*** Dataset excerpt ***

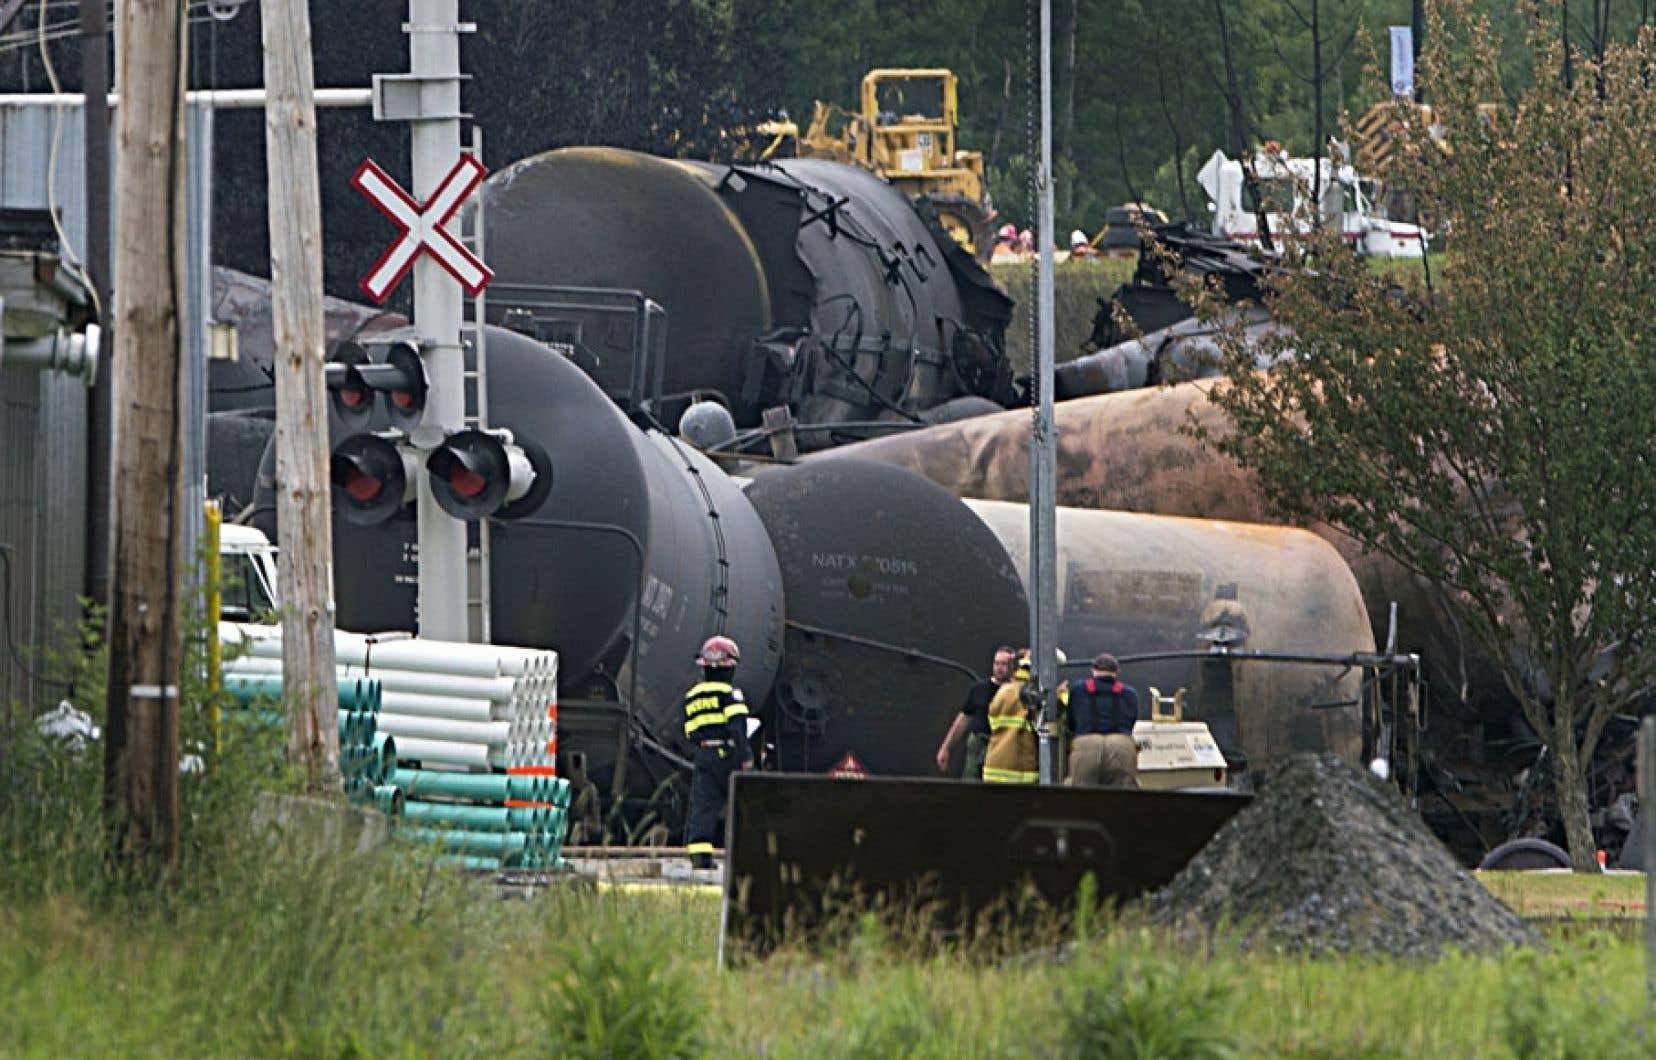 Des wagons-citernes incendiés à Lac-Mégantic. Le réseau ferroviaire n'a pas été construit pour desservir le secteur pétrolier, dit un économiste de l'Université d'Ottawa.
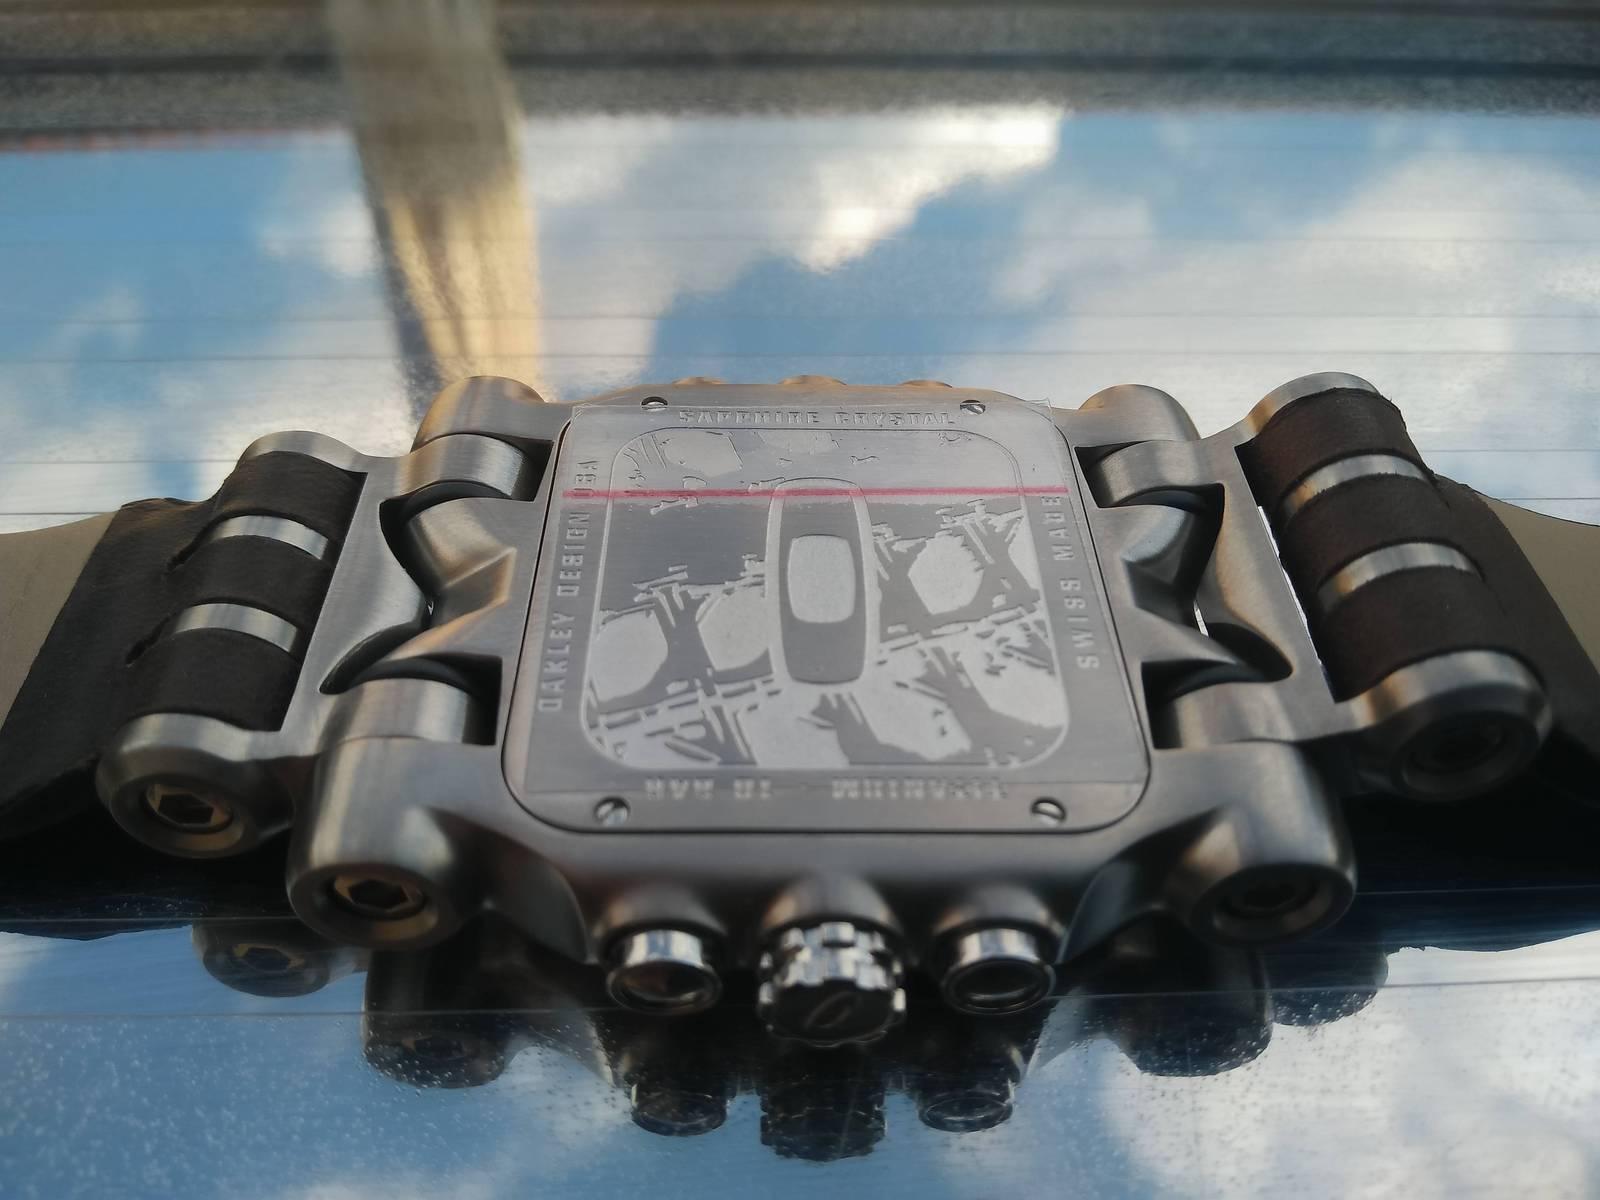 Minute Machine LNIB, new Battery - mykxii9r.jpg
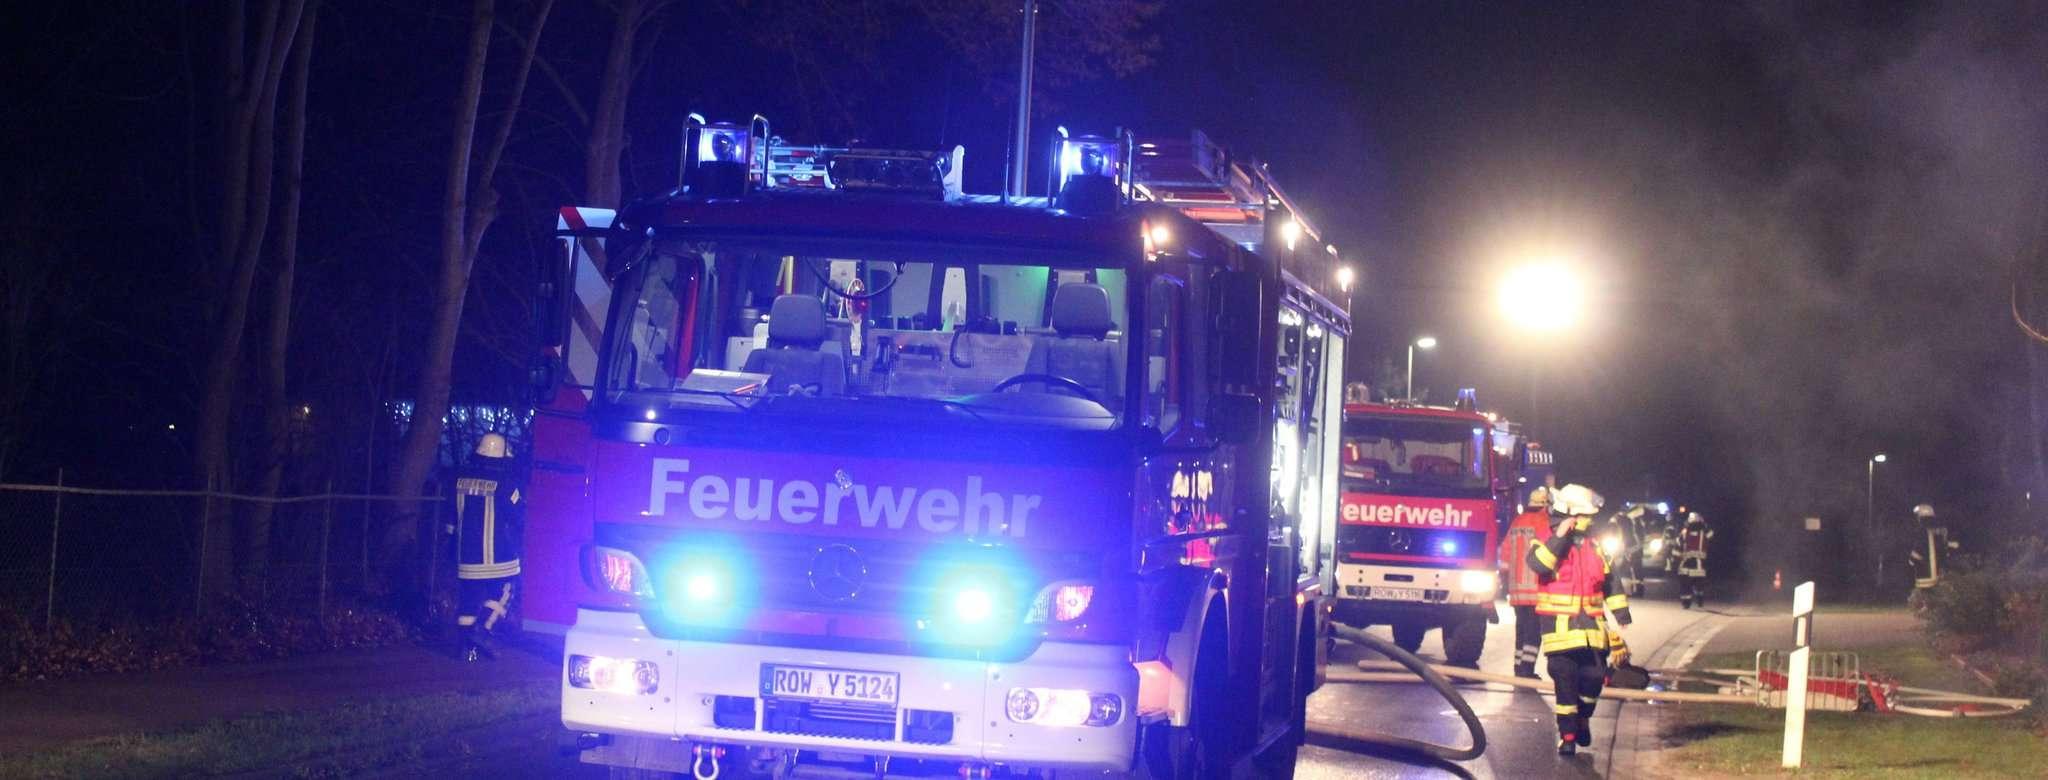 Am Neujahrstag rückte die Visselhöveder Feuerwehr zum ersten Einsatz 2021 aus, Ursache war ein Kellerbrand.

***

» Prompt: The copy should hold, exactly, the lines from the one containing "Minute Machine LNIB, new" to the final line of the listing above, with both ends present and no pictures.

» Exercise output:
 Minute Machine LNIB, new Battery - mykxii9r.jpg
 Am Neujahrstag rückte die Visselhöveder Feuerwehr zum ersten Einsatz 2021 aus, Ursache war ein Kellerbrand.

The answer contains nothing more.